Let us find the LCM of (6!, 7!, 8!)

We know,

8! = 8 × 7 × 6!

7! = 7 × 6!

6! = 6!

So,

L.C.M. (6!, 7!, 8!) = LCM [8 × 7 × 6!, 7 × 6!, 6!]

= 8 × 7 × 6!

= 8!

**Answer
2** :

Given:

1/9! + 1/10! + 1/11! = 122/11!

Let us consider LHS: 1/9! + 1/10! + 1/11!

1/9! + 1/10! + 1/11! = 1/9! + 1/(10×9!) + 1/(11×10×9!)

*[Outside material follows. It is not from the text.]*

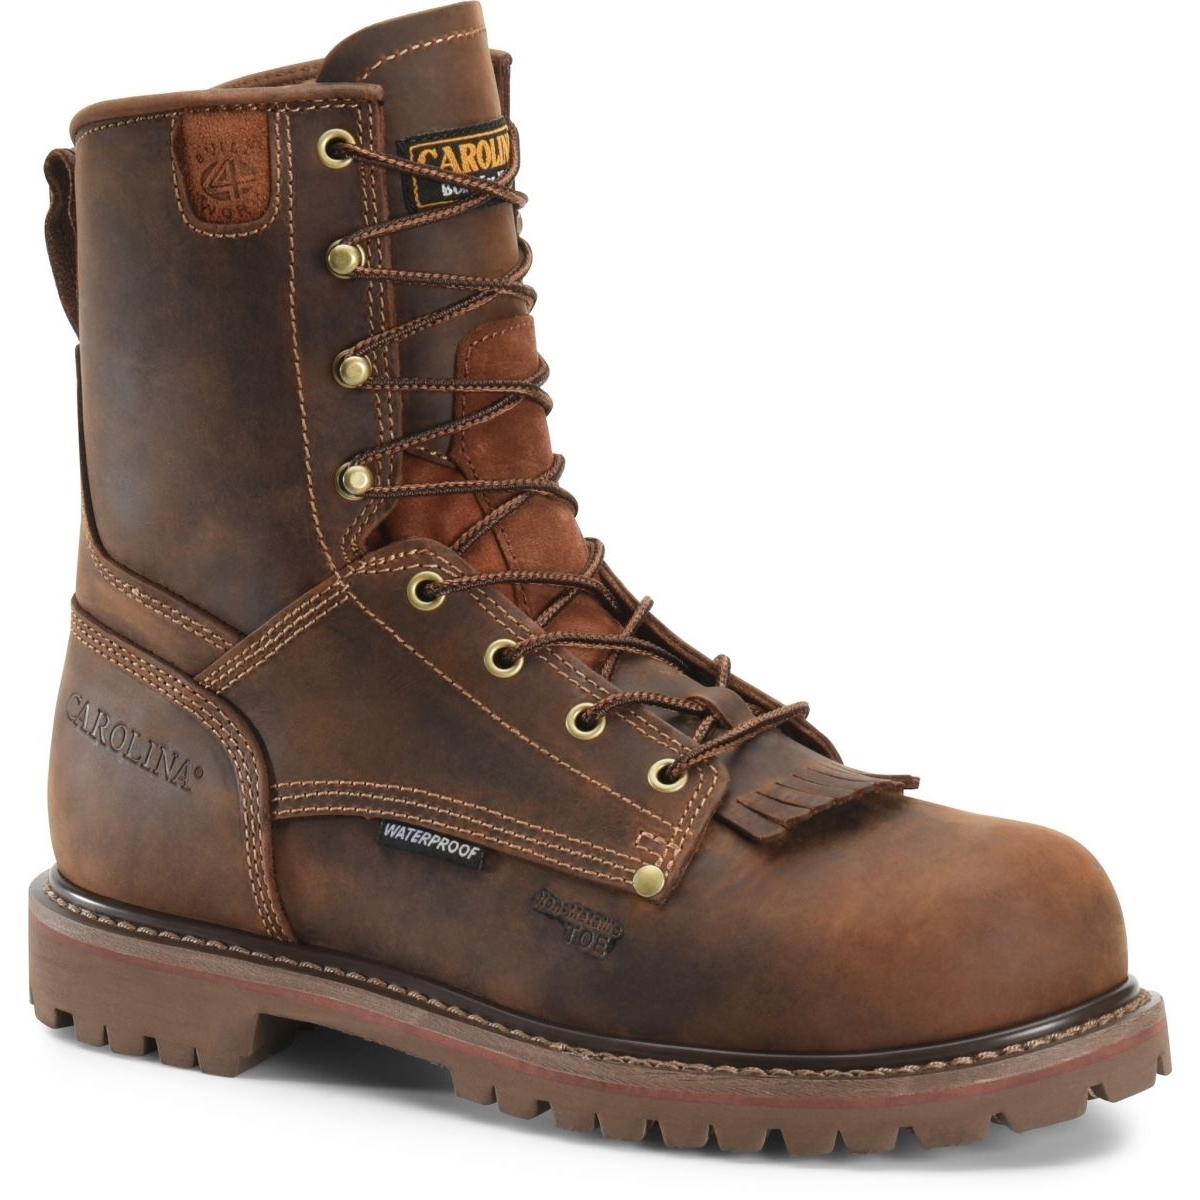 CAROLINA Men's 28 Series 8 Composite Toe Waterproof Work Boot Brown - CA8528 DARK BROWN - DARK BROWN, 8

= (110 + 11 + 1)/(11 × 10 × 9!)

= 122/11!

= RHS

Hence proved.

Find x in each of the following:

(i) 1/4! + 1/5! = x/6!

(ii) x/10! = 1/8! + 1/9!

(iii) 1/6! + 1/7! = x/8!

**Answer
3** :

(i) 1/4! + 1/5! = x/6!

We know that

5! = 5 × 4 × 3 × 2 × 1

6! = 6 × 5 × 4 × 3 × 2 × 1

So by using these values,

1/4! + 1/5! = x/6!

1/4! + 1/(5×4!) = x/6!

(5 + 1) / (5×4!) = x/6!

6/5! = x/(6×5!)

x = (6 × 6 × 5!)/5!

= 36

∴ The value of x is 36.

(ii) x/10! = 1/8! + 1/9!

We know that

10! = 10 × 9!

9! = 9 × 8!

So by using these values,

x/10! = 1/8! + 1/9!

x/10! = 1/8! + 1/(9×8!)

x/10! = (9 + 1) / (9×8!)

x/10! = 10/9!

x/(10×9!) = 10/9!

x = (10 × 10 × 9!)/9!

= 10 × 10

= 100

∴ The value of x is 100.

(iii) 1/6! + 1/7! = x/8!

We know that

8! = 8 × 7 × 6!

7! = 7 × 6!

So by using these values,

1/6! + 1/7! = x/8!

1/6! + 1/(7×6!) = x/8!

(1 + 7)/(7×6!) = x/8!

8/7! = x/8!

8/7! = x/(8×7!)

x = (8 × 8 × 7!)/7!

= 8 × 8

= 64

∴ The value of x is 64.

Convert the following products into factorials:

(i) 5 ⋅ 6 ⋅ 7 ⋅ 8 ⋅ 9 ⋅ 10

(ii) 3 ⋅ 6 ⋅ 9 ⋅ 12 ⋅ 15 ⋅ 18

(iii) (n + 1) (n + 2) (n + 3) …(2n)

(iv) 1 ⋅ 3 ⋅ 5 ⋅ 7 ⋅ 9 … (2n – 1)

**Answer
4** :

(i) 5 ⋅ 6 ⋅ 7 ⋅ 8 ⋅ 9 ⋅ 10

Let us evaluate

We can write it as:

5 ⋅ 6 ⋅ 7 ⋅ 8 ⋅ 9 ⋅ 10 = (1×2×3×4×5×6×7×8×9×10)/(1×2×3×4)

= 10!/4!

(ii) 3 ⋅ 6 ⋅ 9 ⋅ 12 ⋅ 15 ⋅ 18

Let us evaluate

3 ⋅ 6 ⋅ 9 ⋅ 12 ⋅ 15 ⋅ 18 = (3×1) × (3×2) × (3×3) × (3×4) ×(3×5) × (3×6)

= 3^{6} (1×2×3×4×5×6)

= 3^{6} (6!)

(iii) (n + 1) (n + 2) (n +3) … (2n)

Let us evaluate

(n + 1) (n + 2) (n +3) … (2n) = [(1) (2) (3) .. (n) … (n + 1) (n + 2) (n + 3) … (2n)] / (1) (2) (3).. (n)

= (2n)!/n!

(iv) 1 ⋅ 3 ⋅ 5 ⋅ 7 ⋅ 9 … (2n – 1)

Let us evaluate

1 ⋅ 3 ⋅ 5 ⋅ 7 ⋅ 9 … (2n – 1) = [(1) (3) (5) … (2n-1)][(2) (4) (6) … (2n)] / [(2) (4) (6) … (2n)]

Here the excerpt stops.